* _Given information_
******

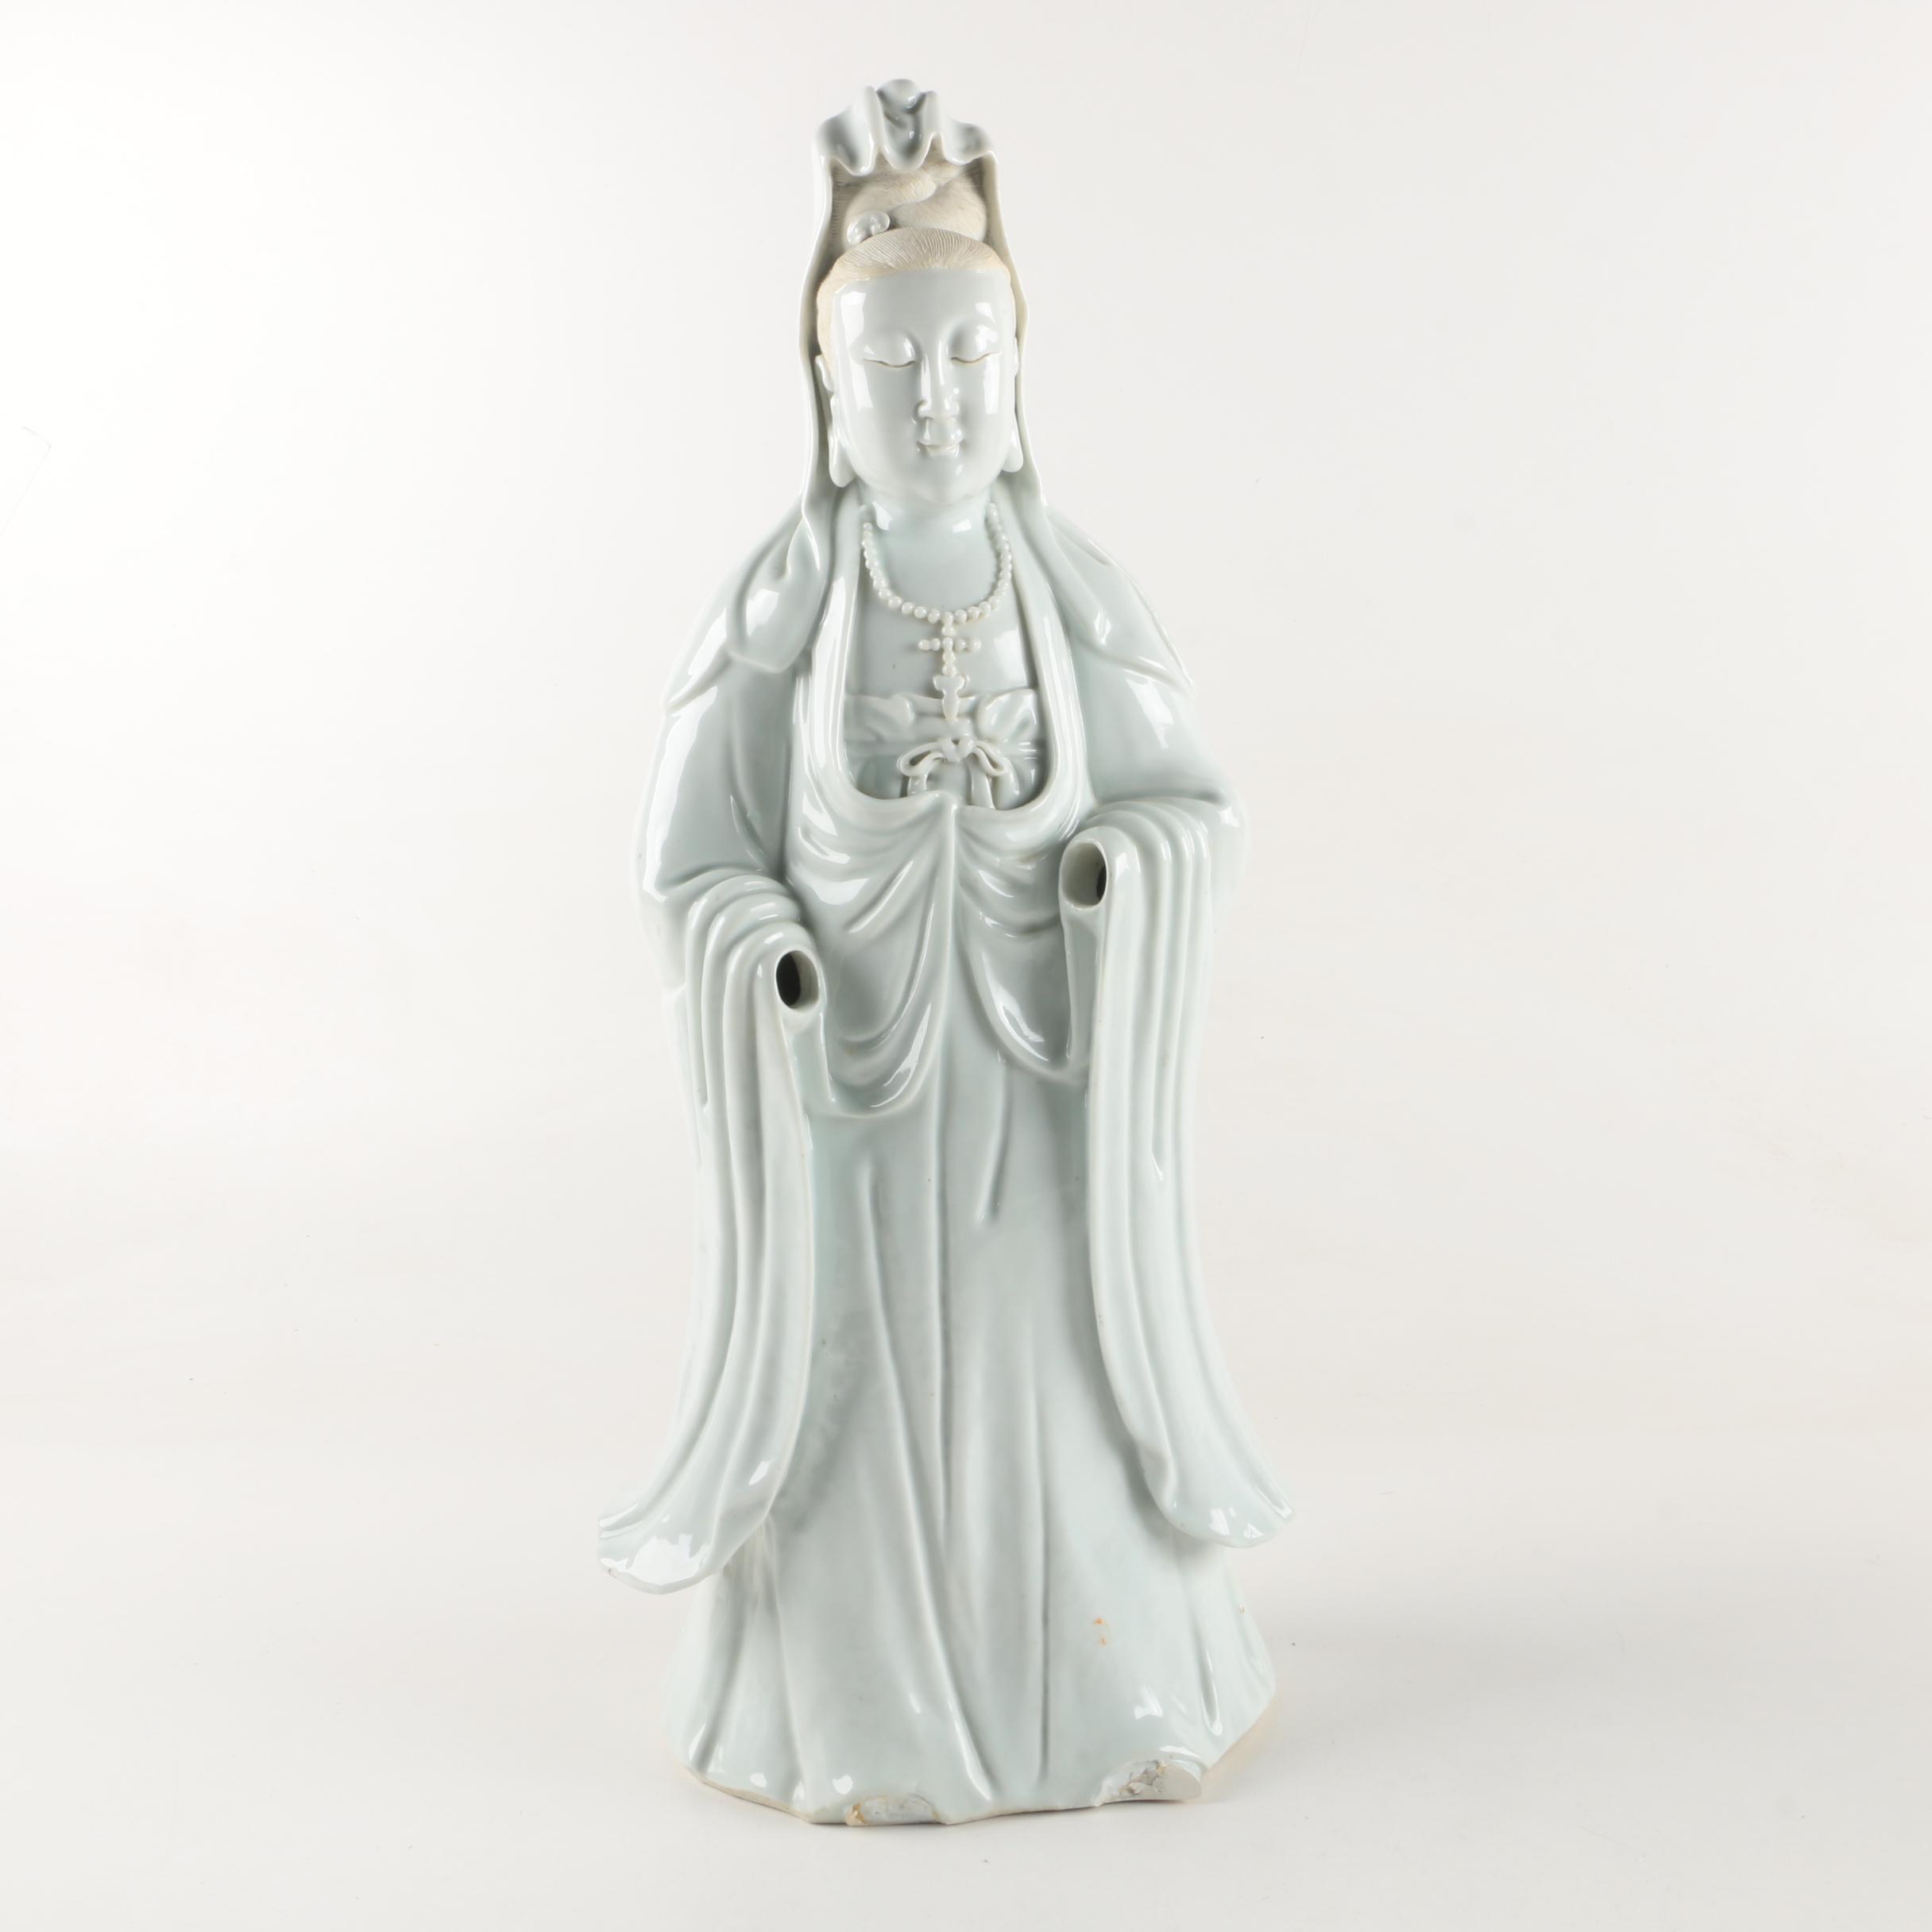 Chinese Porcelain Guanyin Figurine
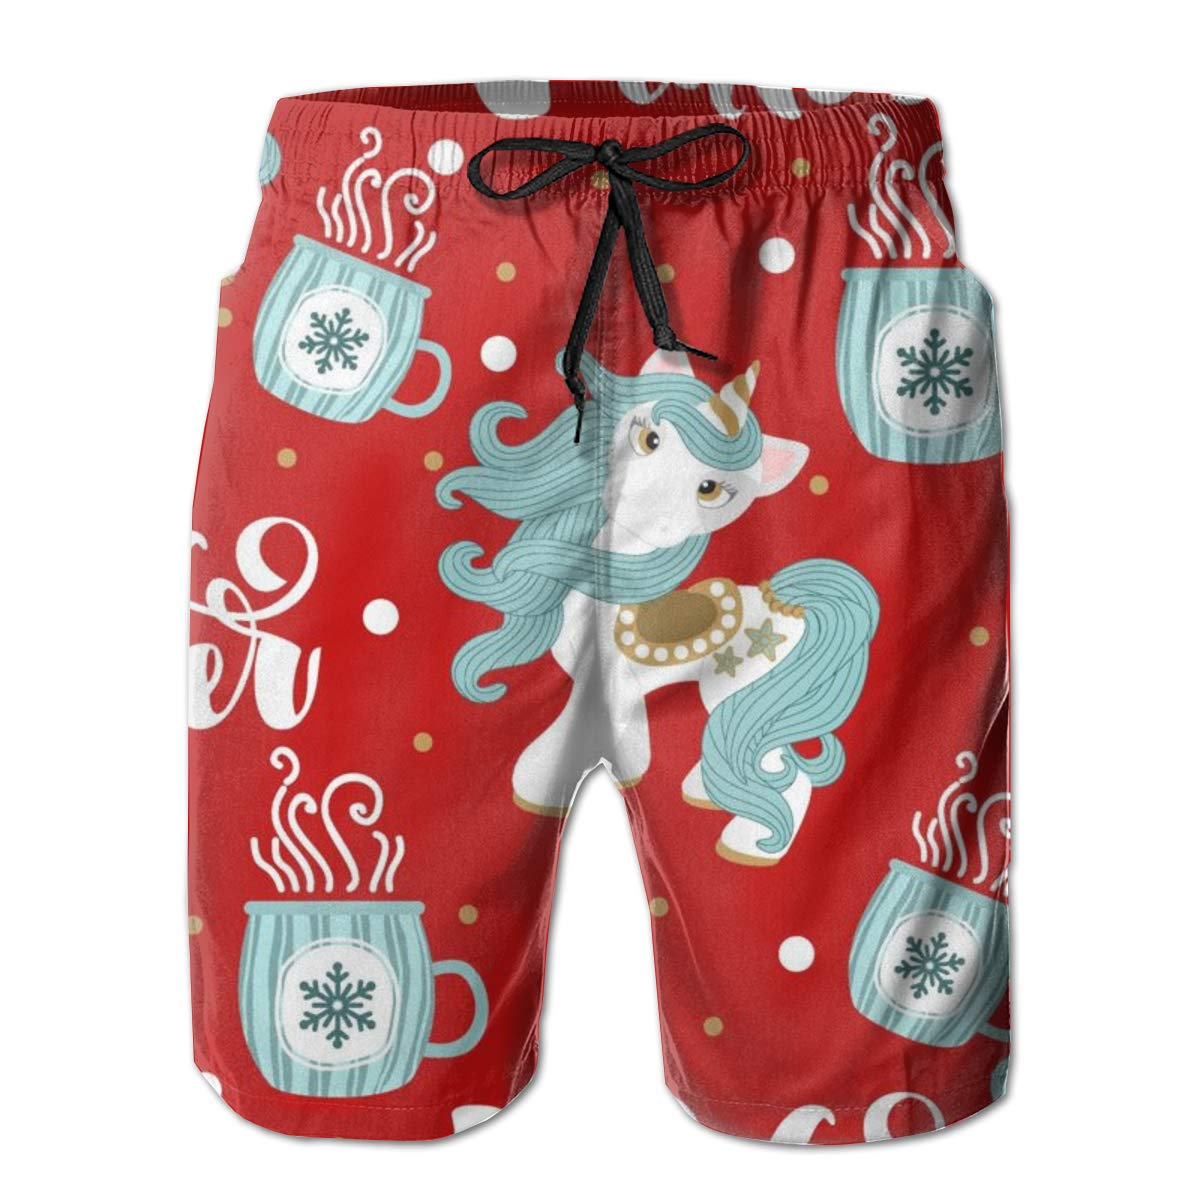 Christmas Unicorn and Festive Print Swim Trunks Summer Beach Shorts Pockets Boardshorts for Men
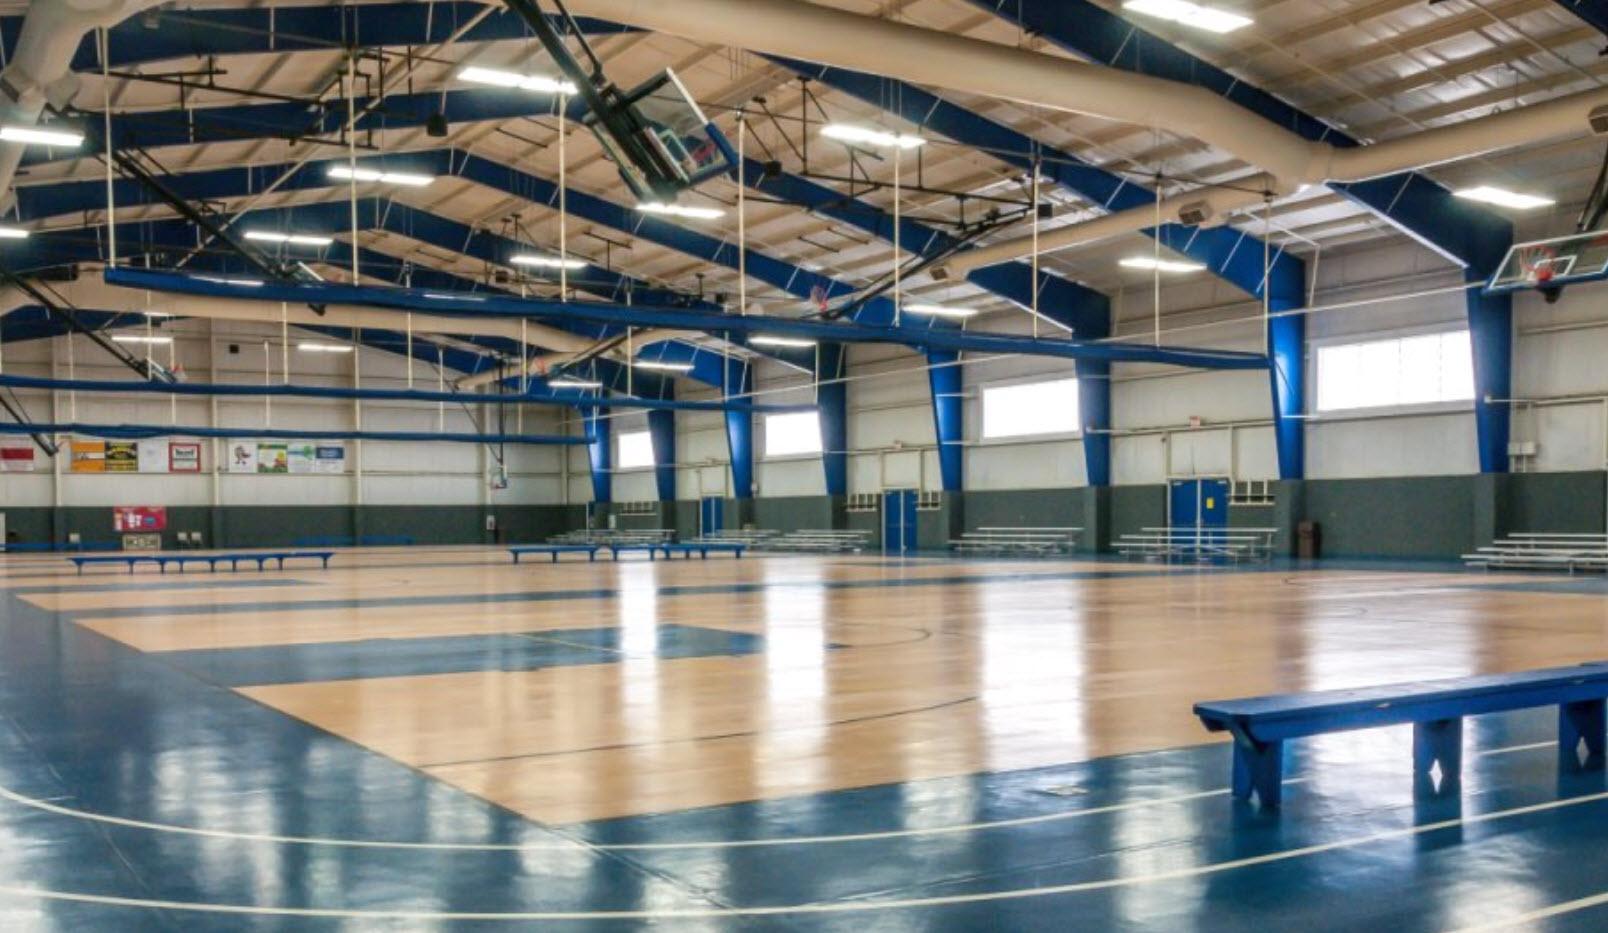 Gymnastics Courts

******

Begin at the line containing "Christmas Unicorn and" and write out every line to the end of the data exactly. Skip the pictures.

* _Response to the exercise_
 Christmas Unicorn and Festive Print Swim Trunks Summer Beach Shorts Pockets Boardshorts for Men
 Gymnastics Courts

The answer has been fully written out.